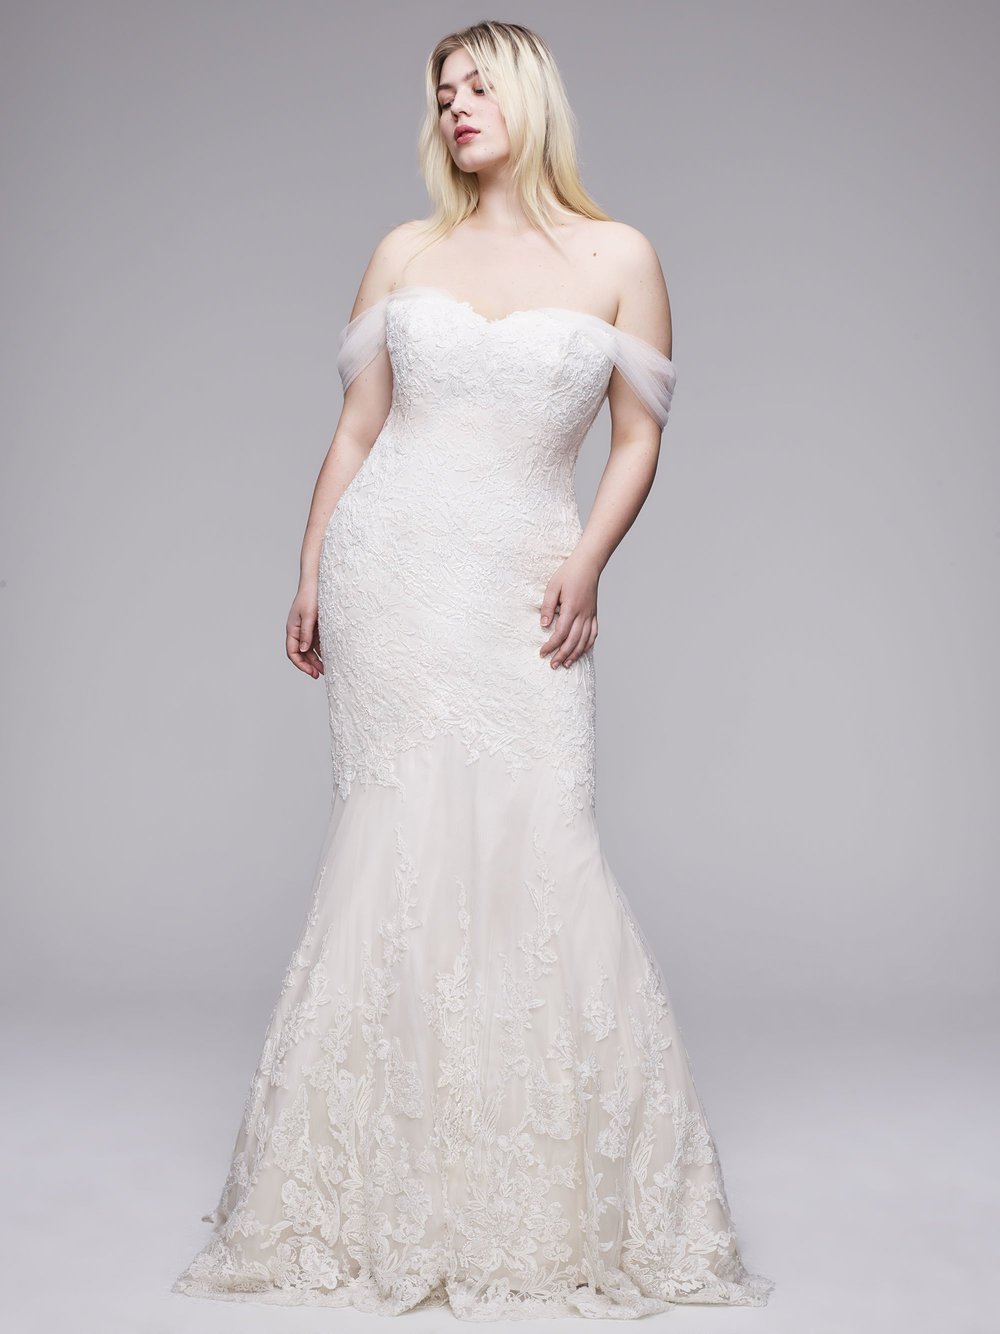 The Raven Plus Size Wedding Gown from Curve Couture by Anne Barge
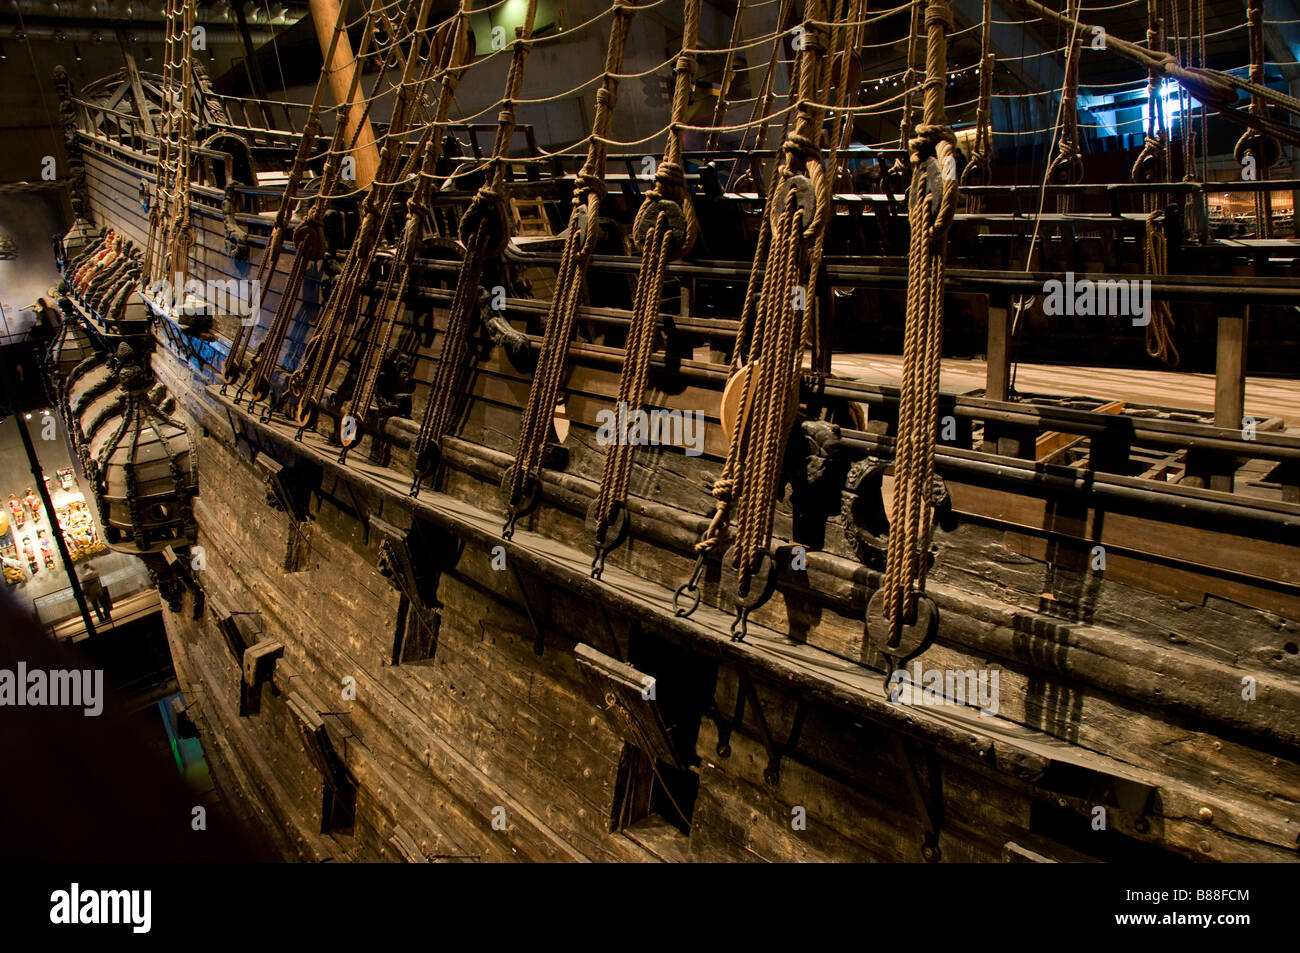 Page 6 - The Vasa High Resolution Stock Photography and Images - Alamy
■ ■ ■ ■
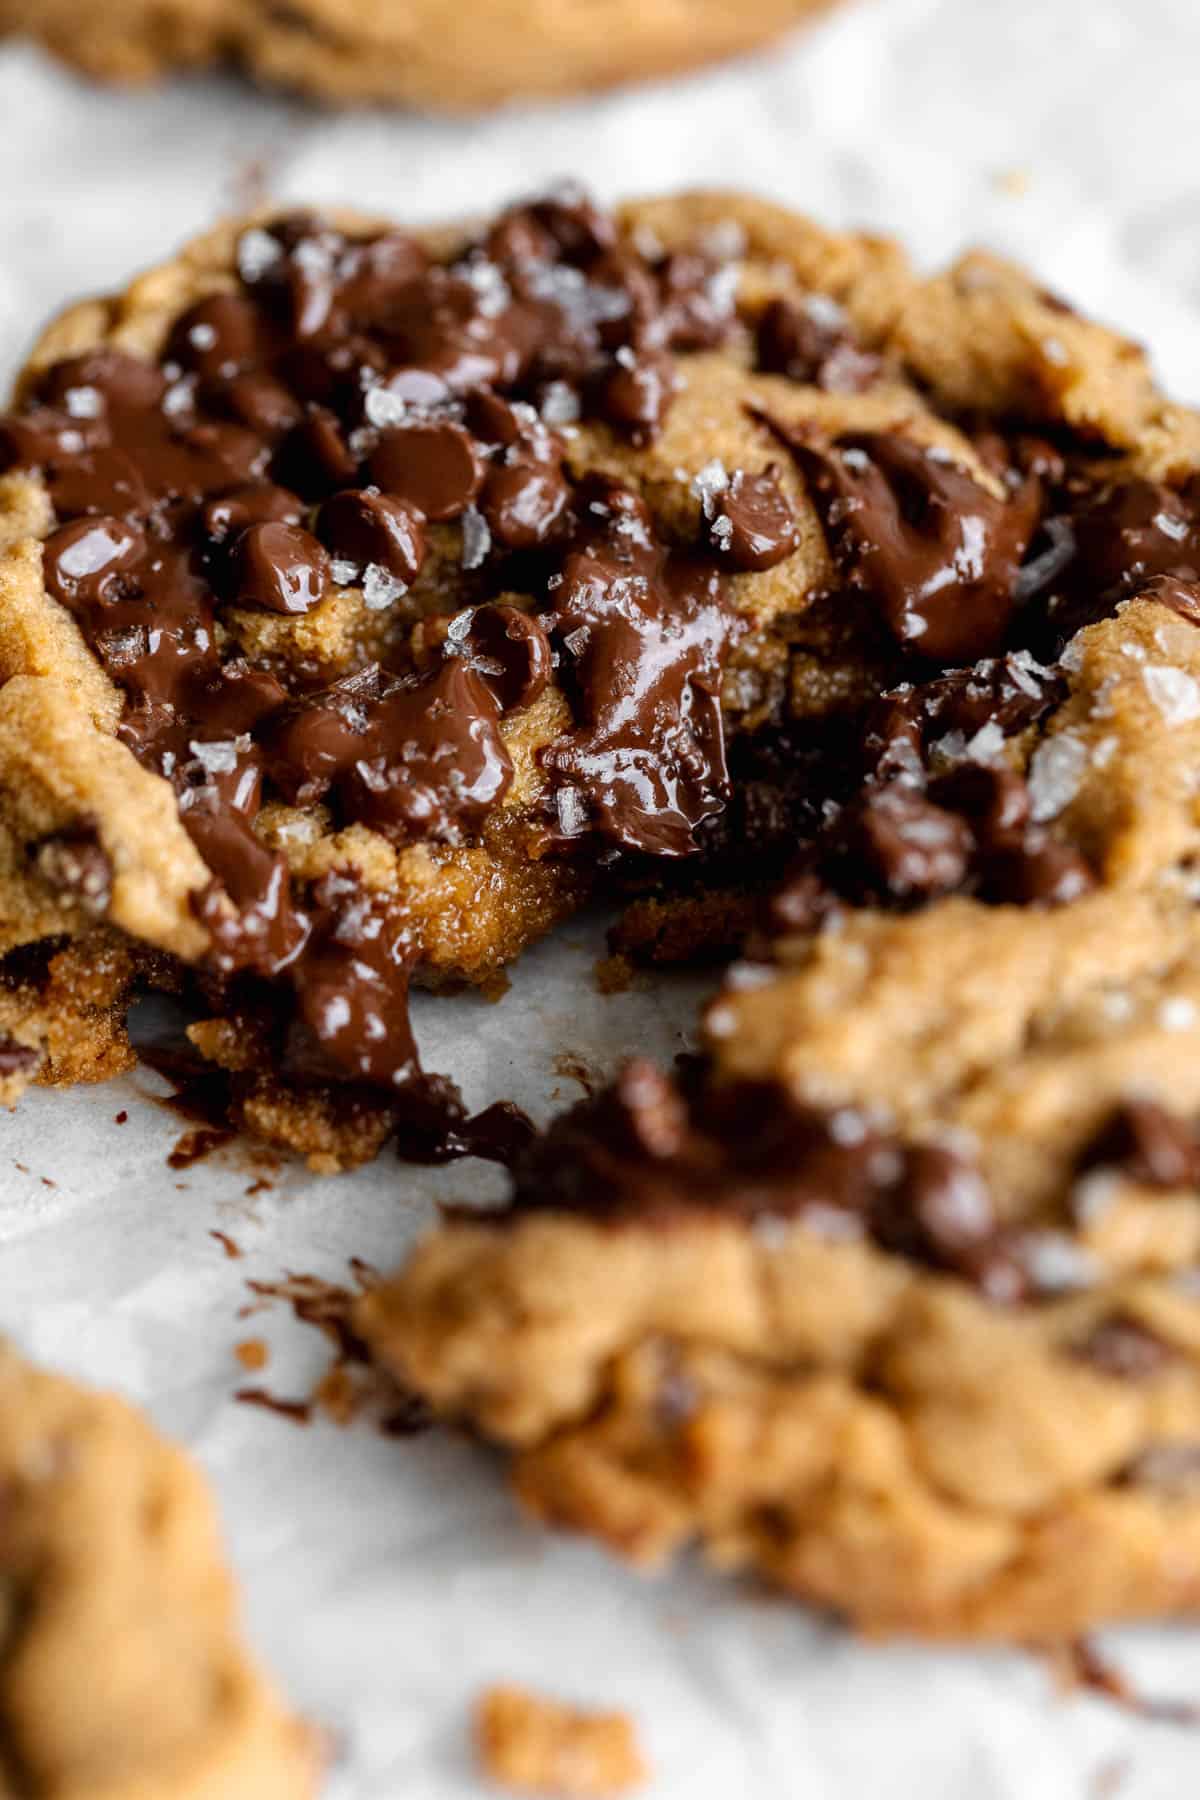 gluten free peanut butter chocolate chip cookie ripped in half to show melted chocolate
■ ■ ■ ■
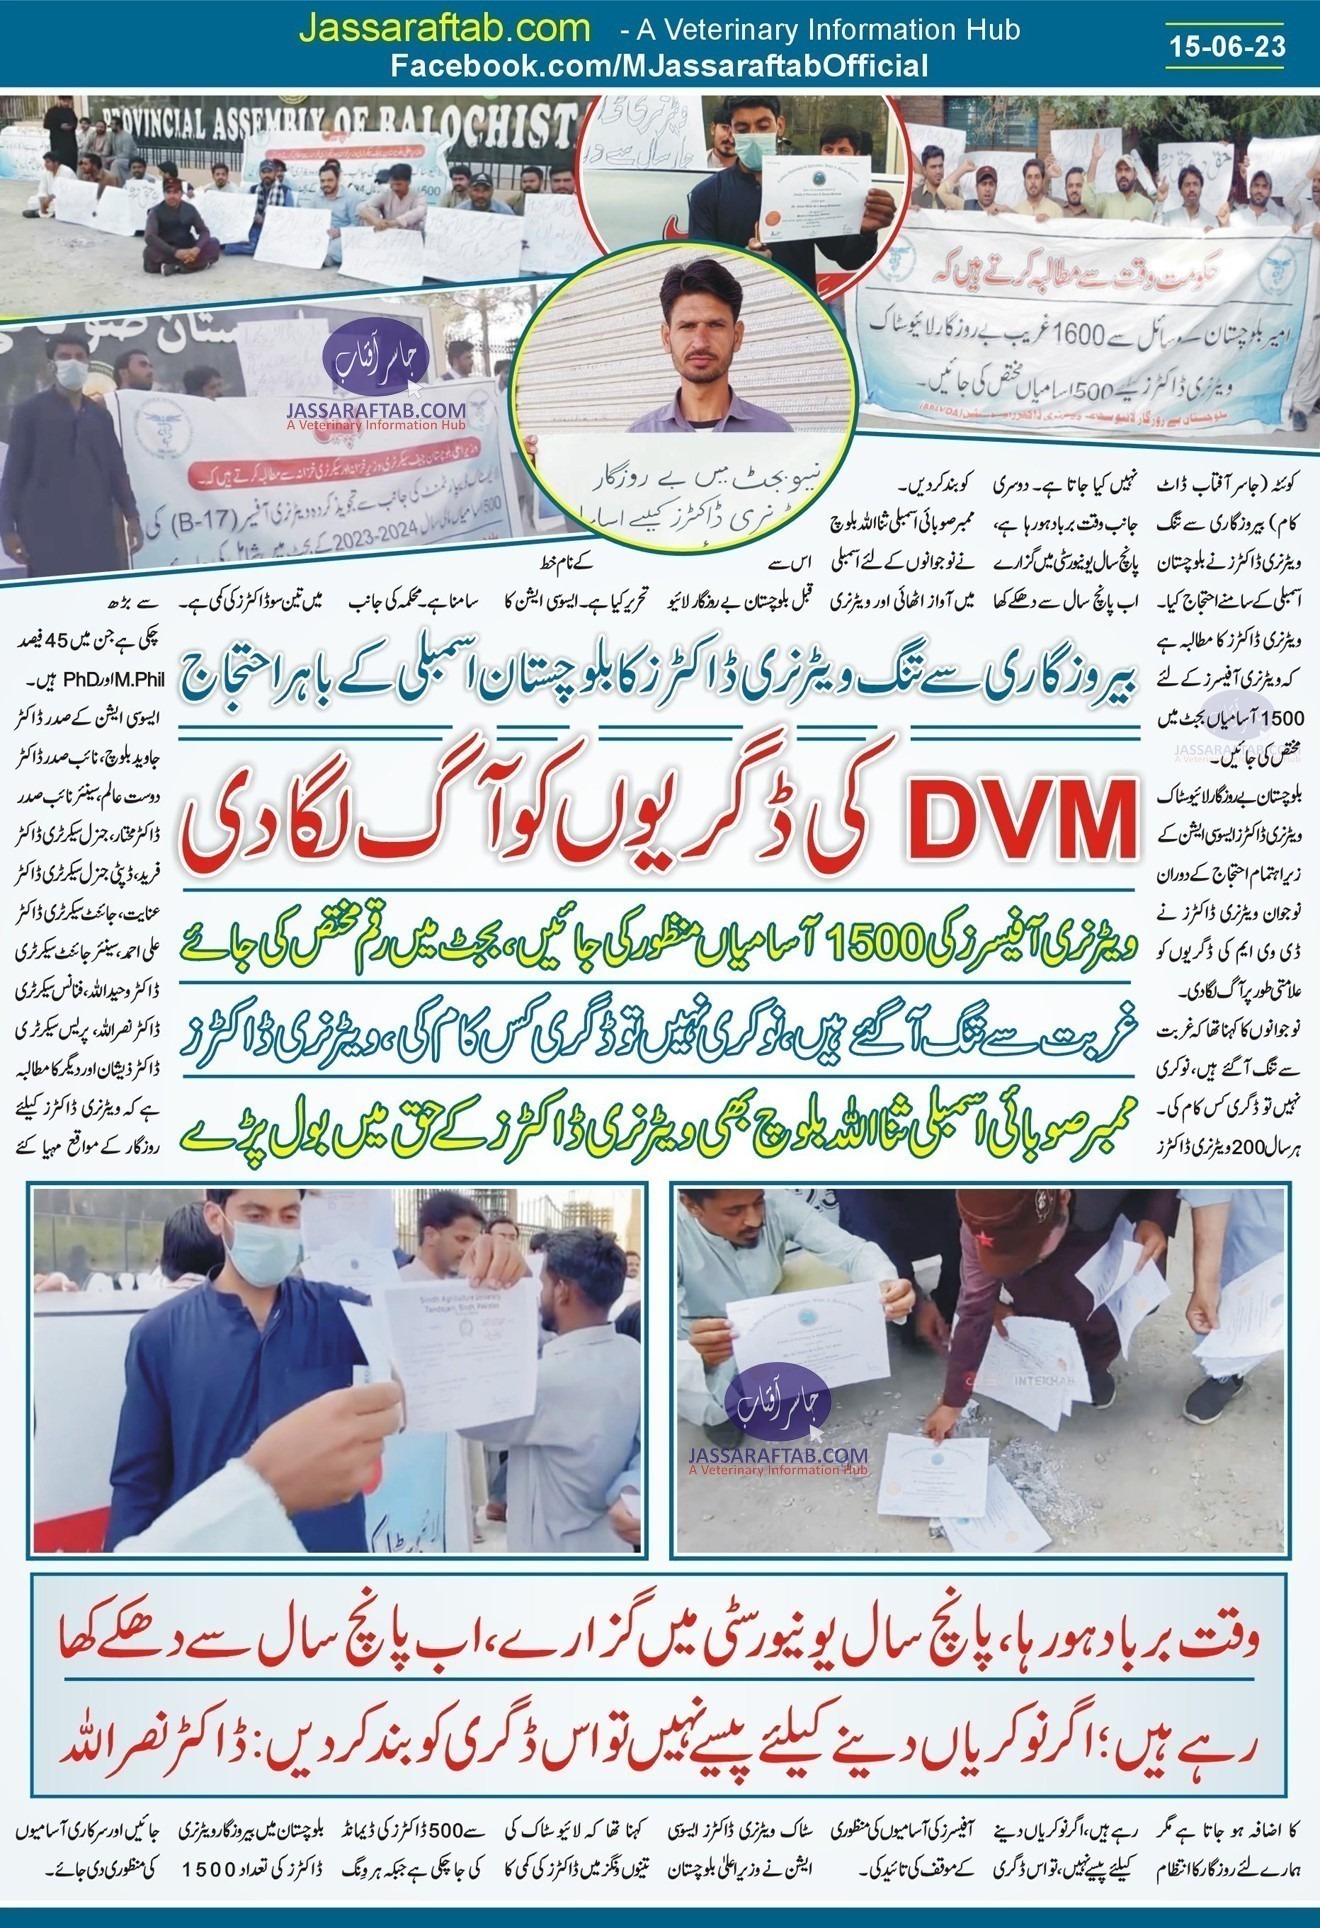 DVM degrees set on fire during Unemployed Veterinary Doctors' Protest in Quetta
■ ■ ■ ■
Taking the records above, print only and exactly the lines from the line with "The Raven Plus" to the line with "Page 6 - The", both kept, and exclude pictures.

→ **WRITTEN SOLUTION**
 The Raven Plus Size Wedding Gown from Curve Couture by Anne Barge
 Page 6 - The Vasa High Resolution Stock Photography and Images - Alamy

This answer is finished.